The Pre-HFE Gene Era: Emergence of HH as an Important Clinical Entity
The association between liver iron overload and cirrhosis was recognized in 1865 by Trousseau [1]. However, it was only in 1935, with the publication of Sheldon’s [2] monograph detailing 311 cases, that a coherent and unique clinicopathologic entity began to emerge. At that stage, HH was thought to be rare, affecting 1 in 2,000 to 5,000 individuals. It had been speculated that the disorder was a result of an inborn error of metabolism. Sheldon [2] concluded that “idiopathic” hemochromatosis was inherited in a recessive mode, average survival was 2 years, and mortality was caused by diabetes or infections in the preinsulin era.
In 1955, Finch and Finch [3] proposed that iron-storage disease resulted from abnormal absorption of iron from the diet and from blood transfusion, and they defined HH as a disorder characterized by a generalized increase in iron stores, which resulted in tissue damage in multiple organs. Biochemical abnormalities were the earliest phenotypic observation, as evidenced by increased plasma iron and saturation of the iron-binding protein (later shown to be transferrin). Plasma iron elevation was universal in symptomatic patients. Hepatomegaly was common. Strikingly, more than half of decompensated patients had minimal liver biochemical test disturbance, despite hepatomegaly and biopsy-proven fibrosis, indicating that the disease process was insidious. Clinical manifestations occurred at midlife in about two thirds of cases. The risk of liver cancer increased with age. Common extrahepatic manifestations included skin pigmentation, diabetes, and cardiac problems. The incidence of hemochromatosis now appeared much more common than that reported by Sheldon [2]. Mortality was estimated at 1 in 7,000 hospital admissions [4].

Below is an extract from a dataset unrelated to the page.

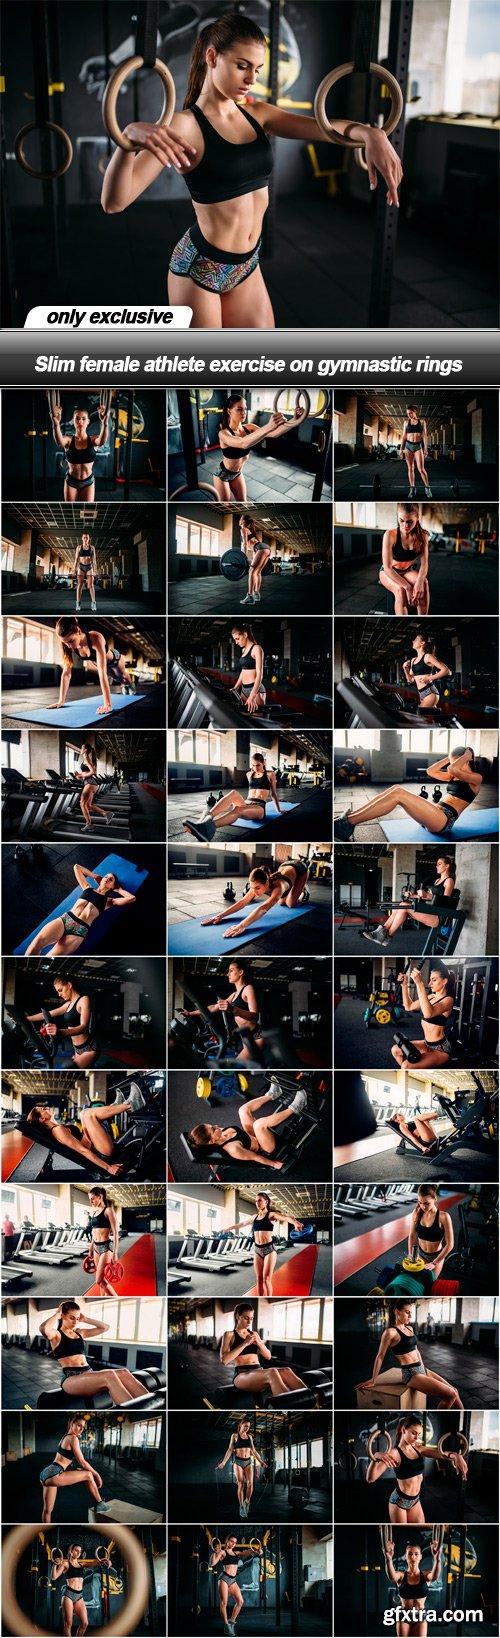 Slim female athlete exercise on gymnastic rings - 32 UHQ JPEG

A therapeutic benefit of phlebotomy began to emerge from clinical studies [5, 6]. Phlebotomy therapy resulted in improved survival, normalization of liver biochemistry, decreased skin pigmentation and hepatomegaly, and improvement in diabetes. However, no effects were discernible on portal hypertension, testicular atrophy, or arthropathy. Mortality in HH was now thought to be primarily from cirrhosis-related hepatocellular carcinoma, independent of phlebotomy therapy. Bomford and Williams [6] also noted a higher mortality rate from extrahepatic neoplasms.
By 1962, the genetic inheritance of HH became clearer through careful family studies [7]. The genetic basis was further consolidated in 1977 by the work of Simon et al. [8], who reported close linkage between the presence of HH and the HLA class 1 loci, with an autosomal recessive mode of inheritance emerging. The advancement of genotyping and family screening contributed to increased numbers of cases being detected. HLA typing revealed that HH might be present in 0.79% to 1.2% of Caucasian populations [9–11]. This observation was extended by Leggett et al. [12], in a study of healthy individuals taken from a non-blood bank population. Biochemical penetrance (defined as transferrin saturation greater than 45%) was high, and two thirds of those affected had liver biopsy-confirmed HH. Leggett et al. [12] reported the prevalence of HH to be 1 in 300 individuals in the healthy population.
Our understanding of the clinical importance of HH was further clarified by large cohort studies, which highlighted the importance of early diagnosis and early phlebotomy in improving the prognosis [13–16]. Niederau et al. [14] reported findings on 251 patients with clinical, biochemical, and histologic evidence of HH between 1947 and 1991. Biochemically, two thirds had elevated serum aminotransferase levels and patients with cirrhosis had higher serum iron indices compared with noncirrhotic individuals. Cirrhosis was found in 60% of patients and almost all were symptomatic of weakness, lethargy, and loss of libido compared with noncirrhotics. Extrahepatic cardiac and endocrine complications, including diabetes mellitus, were more common in cirrhotic patients. Morbidity was mainly from liver cirrhosis and diabetes mellitus. Excess mortality resulted from liver cancer (mortality ratio 119), followed by diabetes (mortality ratio 14), cardiomyopathy (mortality ratio 14), and cirrhosis (mortality ratio 10). Adams et al. [13] confirmed that cirrhotic patients were 5.5 times more likely than noncirrhotics to develop liver cancer. Nondiabetic subjects or those without cirrhosis had morbidity and mortality profiles similar to those of the general population [13, 14].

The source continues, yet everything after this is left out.